Month-to-month dividend shares have prompt enchantment for a lot of revenue buyers. Shares that pay their dividends every month supply extra frequent payouts than conventional quarterly or semi-annual dividend payers.

For that reason, we created a full listing of 83 month-to-month dividend shares.

You possibly can obtain our full Excel spreadsheet of all month-to-month dividend shares (together with metrics that matter like dividend yield and payout ratio) by clicking on the hyperlink under:

 

10 Ultra High Yield Canadian Monthly Dividend Stocks

Buyers within the US mustn’t overlook Canadian shares, a lot of which have increased dividend yields than their U.S.-based counterparts.

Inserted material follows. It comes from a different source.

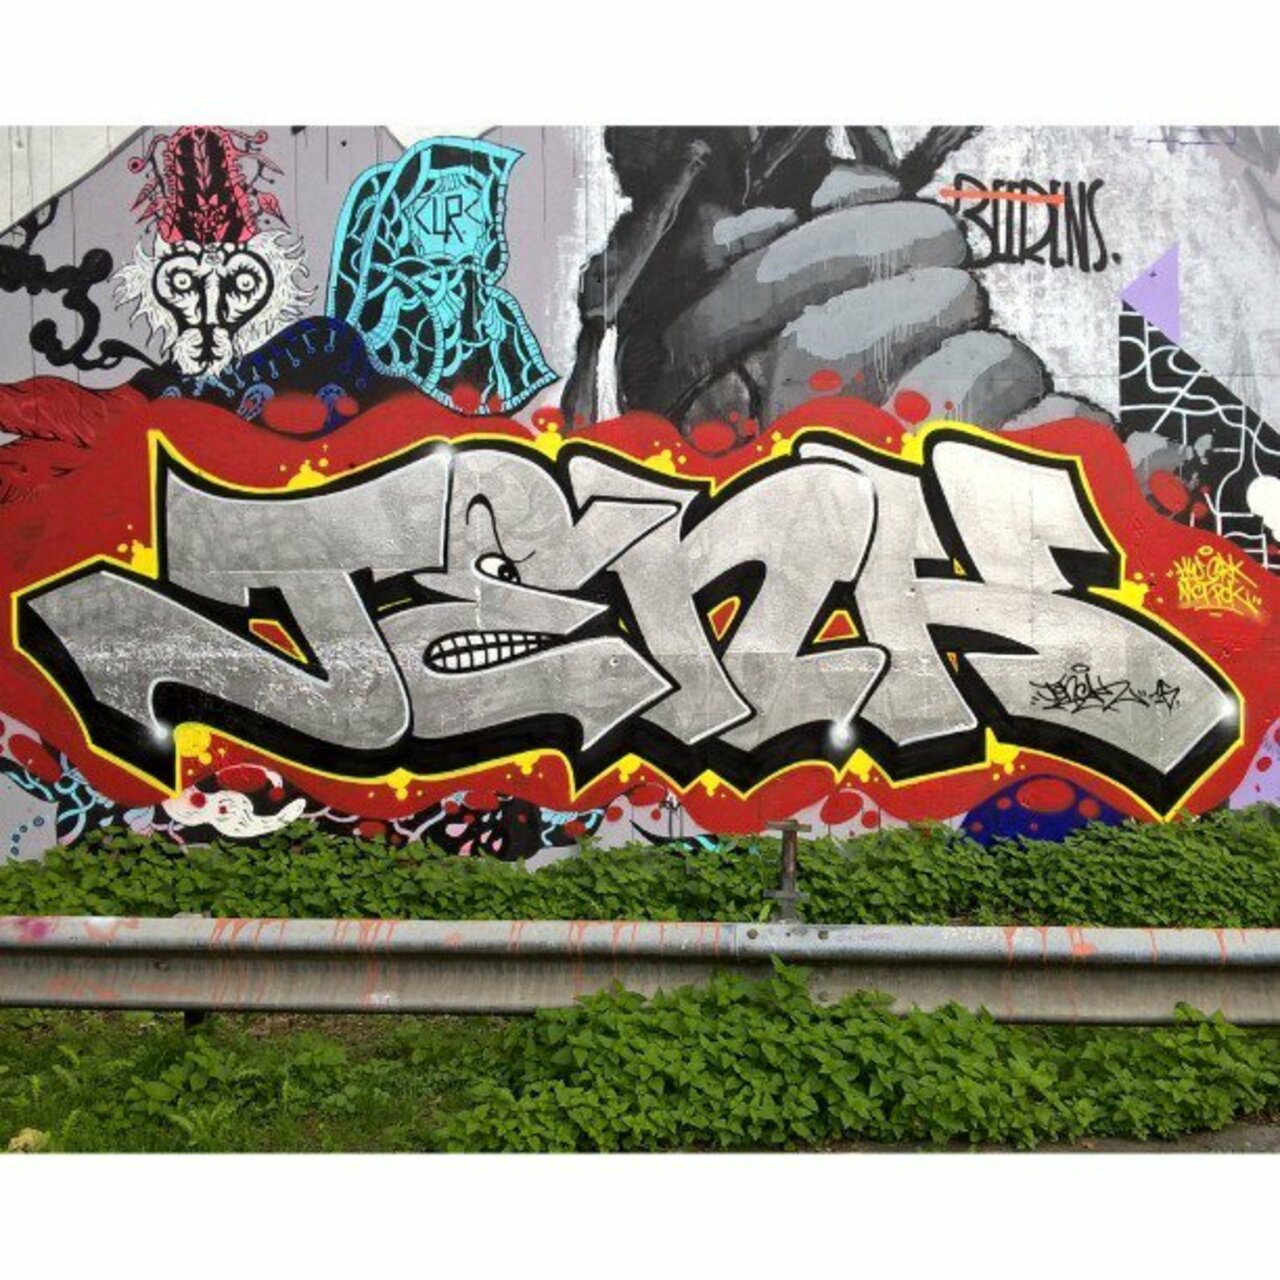 JENK
#streetart #graffiti #graff #art #fatcap #bombing #sprayart #spraycanart #wallart #handstyle #lettering #urban… https://t.co/XpHb3ykoGs

Notice: Canada imposes a 15% dividend withholding tax on U.S. buyers. In lots of instances, investing in Canadian shares via a U.S. retirement account waives the dividend withholding tax from Canada, however examine together with your tax preparer or accountant for extra on this situation.

With the typical S&P 500 yield hovering round 1.3%, buyers can generate way more revenue with high-yield shares.

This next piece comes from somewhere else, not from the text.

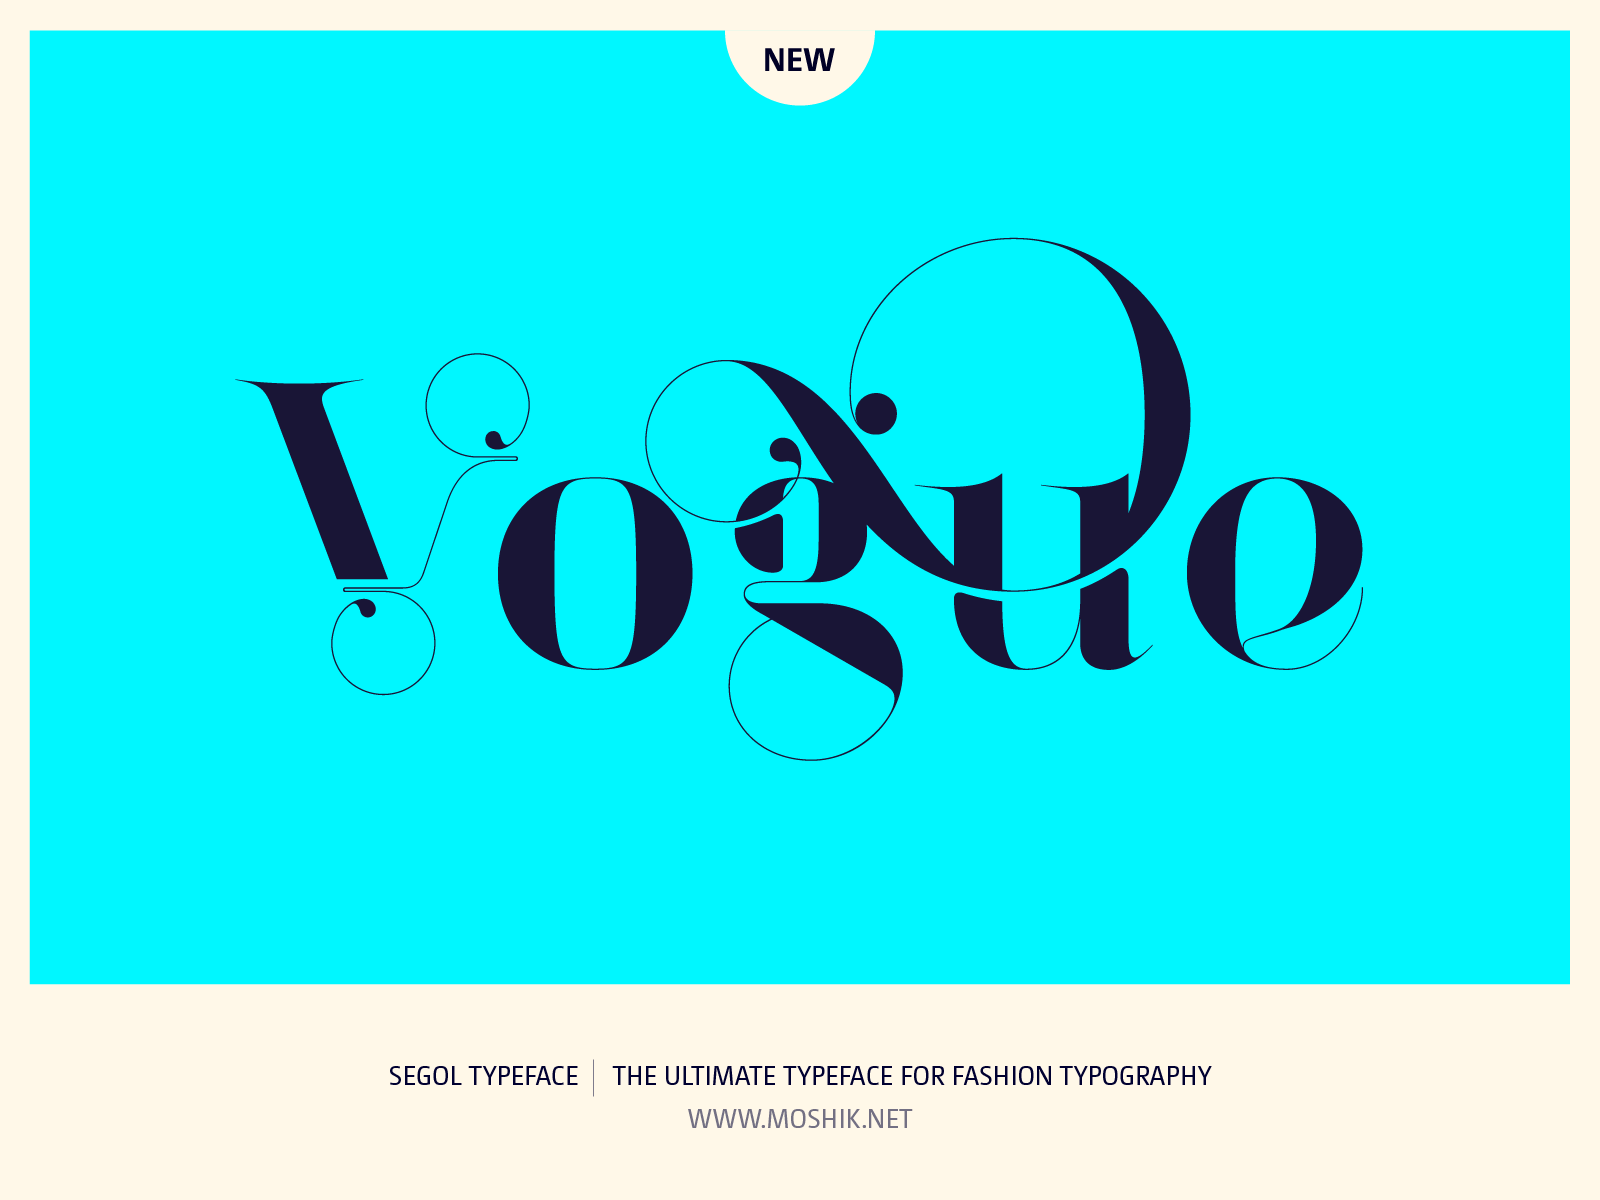 Vogue logo, Segol Typeface, fashion fonts, best fonts 2021, best fonts for logos, sexy fonts, sexy logos, Vogue fonts, Moshik Nadav, Fashion magazine fonts, Must have fonts

Screening for month-to-month dividend shares that even have excessive dividend yields makes for an interesting mixture.

This text will listing the ten highest-yielding Canadian month-to-month dividend shares.

Desk Of Contents

The next 10 Canadian month-to-month dividend shares have excessive dividend yields above 5%. Shares are listed by their dividend yields, from lowest to highest.

The listing excludes oil and fuel royalty belief, which have excessive fluctuations of their dividend payouts from one quarter to the following because of the underlying volatility of commodity costs. It additionally excludes REITs, BDCs, and MLPs, to focus solely on frequent shares.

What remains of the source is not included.